I’m wondering if it is possible to create a synthetic ethernet device called eth1.
To be clear my system has a physical network card called eth0.
I’ve read howots describing how to create devices tap0, tap1, etc that could be routed through eth0 (the only actual network interface).
Is it a simple case of simply changing the name from tap0 to eth1?
I’m wondering if that won’t break things?
So essentially I have a system with eth0, and would like one that has eth0 and eth1 present.
The software is along the lines of Rocks cluster stack. During installation it want to interfaces, one to make public and one to treat as private. Would it be possible to make a eth1 that tunneled through eth0. I can see the components, just not if or how they can be used to get a synthetic device.
BTW, to see what I have in mind see the synthetic device in eCOS.

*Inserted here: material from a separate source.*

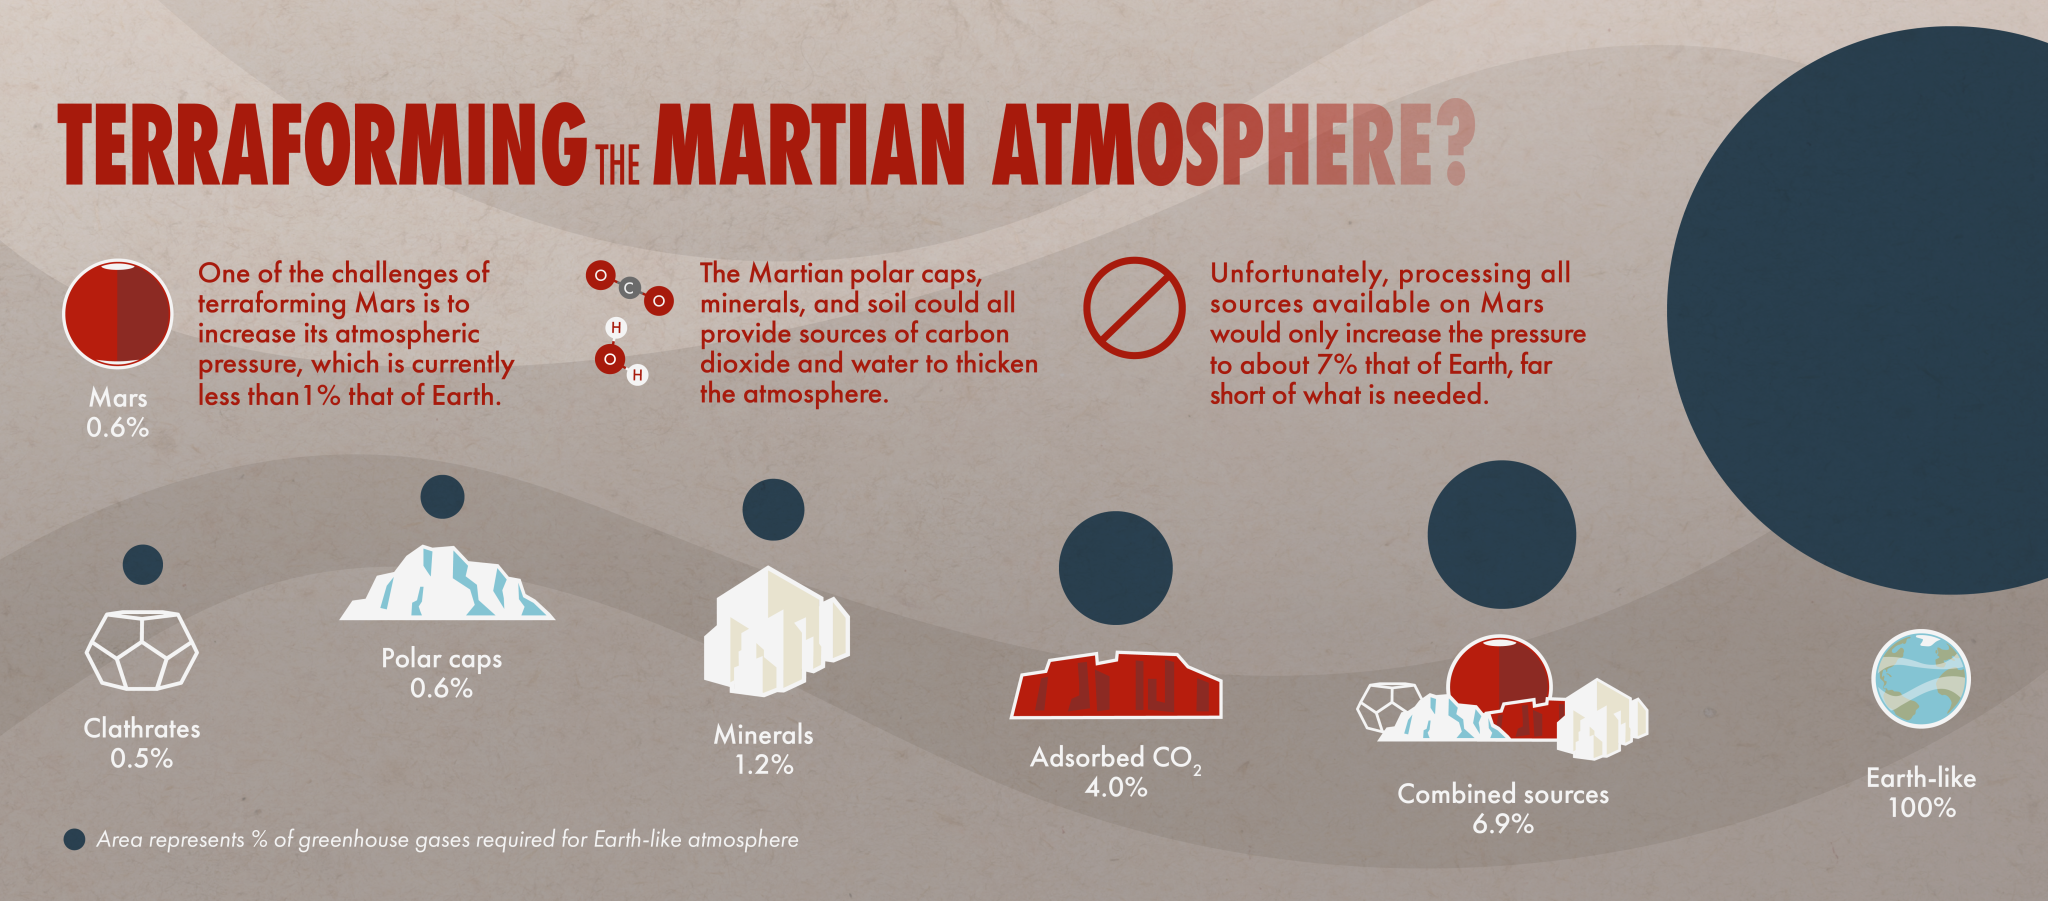 various sources of carbon dioxide on Mars

Cluster software, sure, those often require a second interface for communication between cluster members. You could use an alias interface but of course the packets are really using the same physical interface connecting to the same LAN. But you could put them in different VLANs. If there is no problem with time sensitive packets encountering packet delays on the shared LAN, that would be an acceptable solution.
A tunneled device requires a process at both ends to maintain the tunnel, e.g. VPN software. The Linux tap/tun device is designed to be used for such tunneling. It wouldn’t be appropriate for a cluster since you would have to install this extra layer on all participants. Plus there would be more delays in the path.